The Charlie Kirk American Heritage Act: Rewriting History

Photo via Ohio Statehouse Gallery

Michael Oliss | News Editor

The Ohio House has advanced House Bill 486, also known as the Charlie Kirk American Heritage Act, a measure that would allow public school and state-university instructors to teach about what it calls the “historical and positive impact” of religion — especially Christianity — on U.S. history.

The bill was introduced by Republican Reps. Gary Click and Mike Dovilla, who say it preserves religious liberty in education and supports free speech on topics they believe are underrepresented. The bill declares that teaching Christianity’s influence on American institutions is “factual.”

The bill’s text includes a reference to the nation’s response to Thomas Paine’s The Age of Reason, citing a supposed suggestion from Franklin that Paine should burn the manuscript. That is impossible — Paine wrote The Age of Reason beginning in 1793, three years after Franklin died in 1790. That discrepancy, highlighted by educators, commentators, and opponents, has become a focal point in the debate over the bill’s supposed “factuality” and historical accuracy.

HB 486 outlines more than two dozen religiously oriented topics that teachers may include in lessons. These range from the Pilgrims and the Mayflower Compact to the Northwest Ordinance, the Ten Commandments’ alleged influence on American law, the myth of the First Thanksgiving, chaplains in the Revolutionary War, the First Great Awakening, and the work of major religious figures such as Rev. John Witherspoon and evangelist Billy Graham.

Graham, who died in 2018 at the age of 99, is known for his controversial statements, publicly or in private. In 1973, he met with President Richard Nixon and conversed on religious matters in America. It was in that recorded conversation that Graham called a group of Jewish journalists, “a synagogue of Satan.” He also believed the Jewish religion had a “stranglehold” on American media. If HB 486 is signed into law, teachers will have the freedom to praise him and his influence on American heritage and culture.

Supporters of HB 486 argue it protects educators who want to discuss religion’s role in American history without being accused of violating church-state boundaries. They say the measure does not mandate curriculum changes but clarifies that such instruction is permissible.

Opponents — including civil liberties groups, historians and teacher organizations — say the bill promotes a selective, ideologically influenced version of U.S. history. The ACLU of Ohio argues that existing First Amendment law already permits teaching about religion and that HB 486 instead frames Christianity in exclusively positive terms while omitting historically documented harms linked to religious institutions.

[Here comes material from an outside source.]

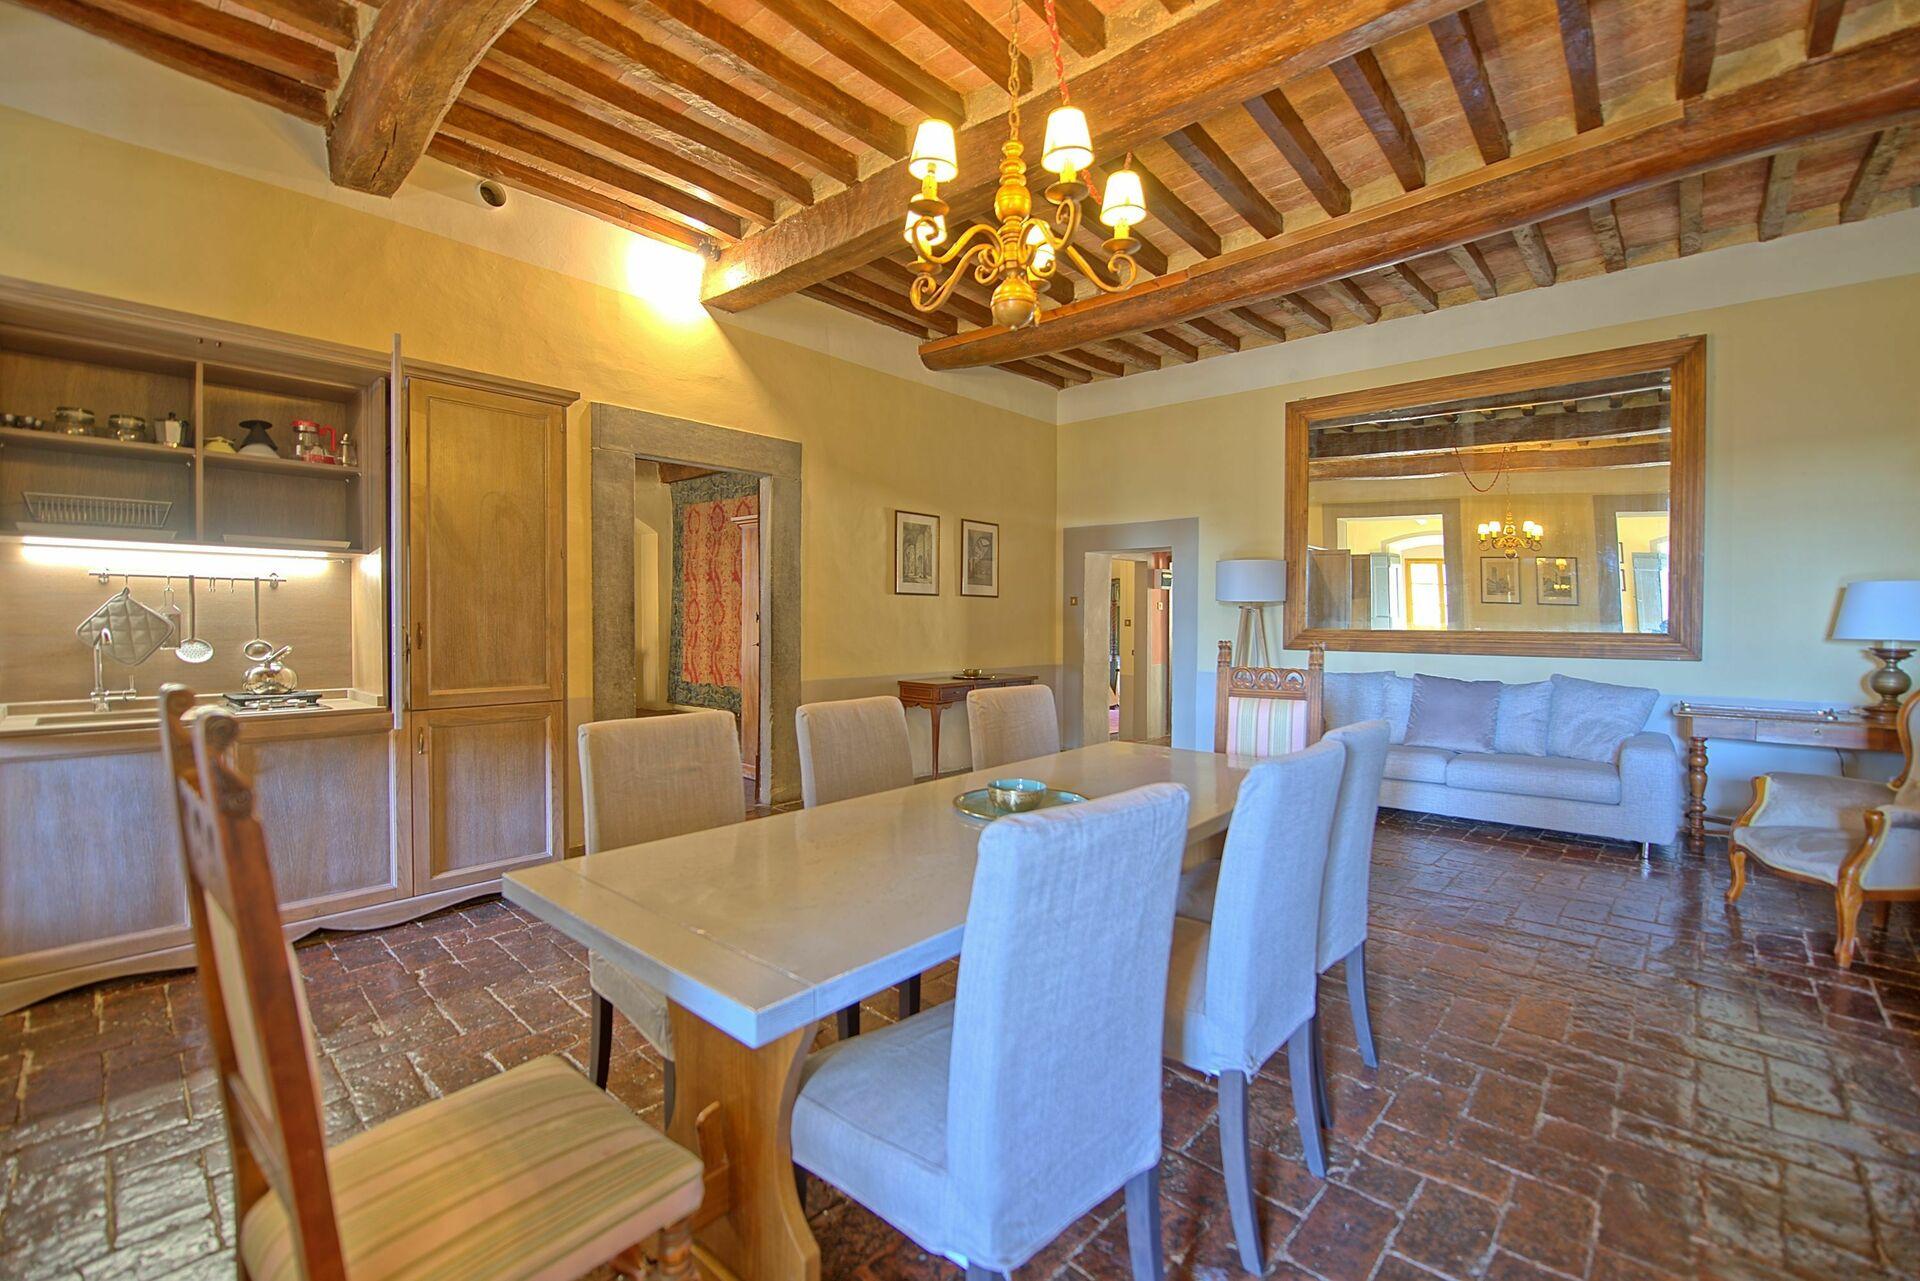 Letto A Castello Toscana.Montegufoni 24 Esclusivo Alloggio In Affitto Nel Castello Di

The Ohio Council for the Social Studies also opposes the bill, saying the state’s academic standards already address religion’s historical influence and noting that social studies teachers were not consulted during the bill’s drafting.

HB 486 would apply to both K–12 public schools and state colleges and universities. It passed the House along party lines and now heads to the Ohio Senate for further consideration.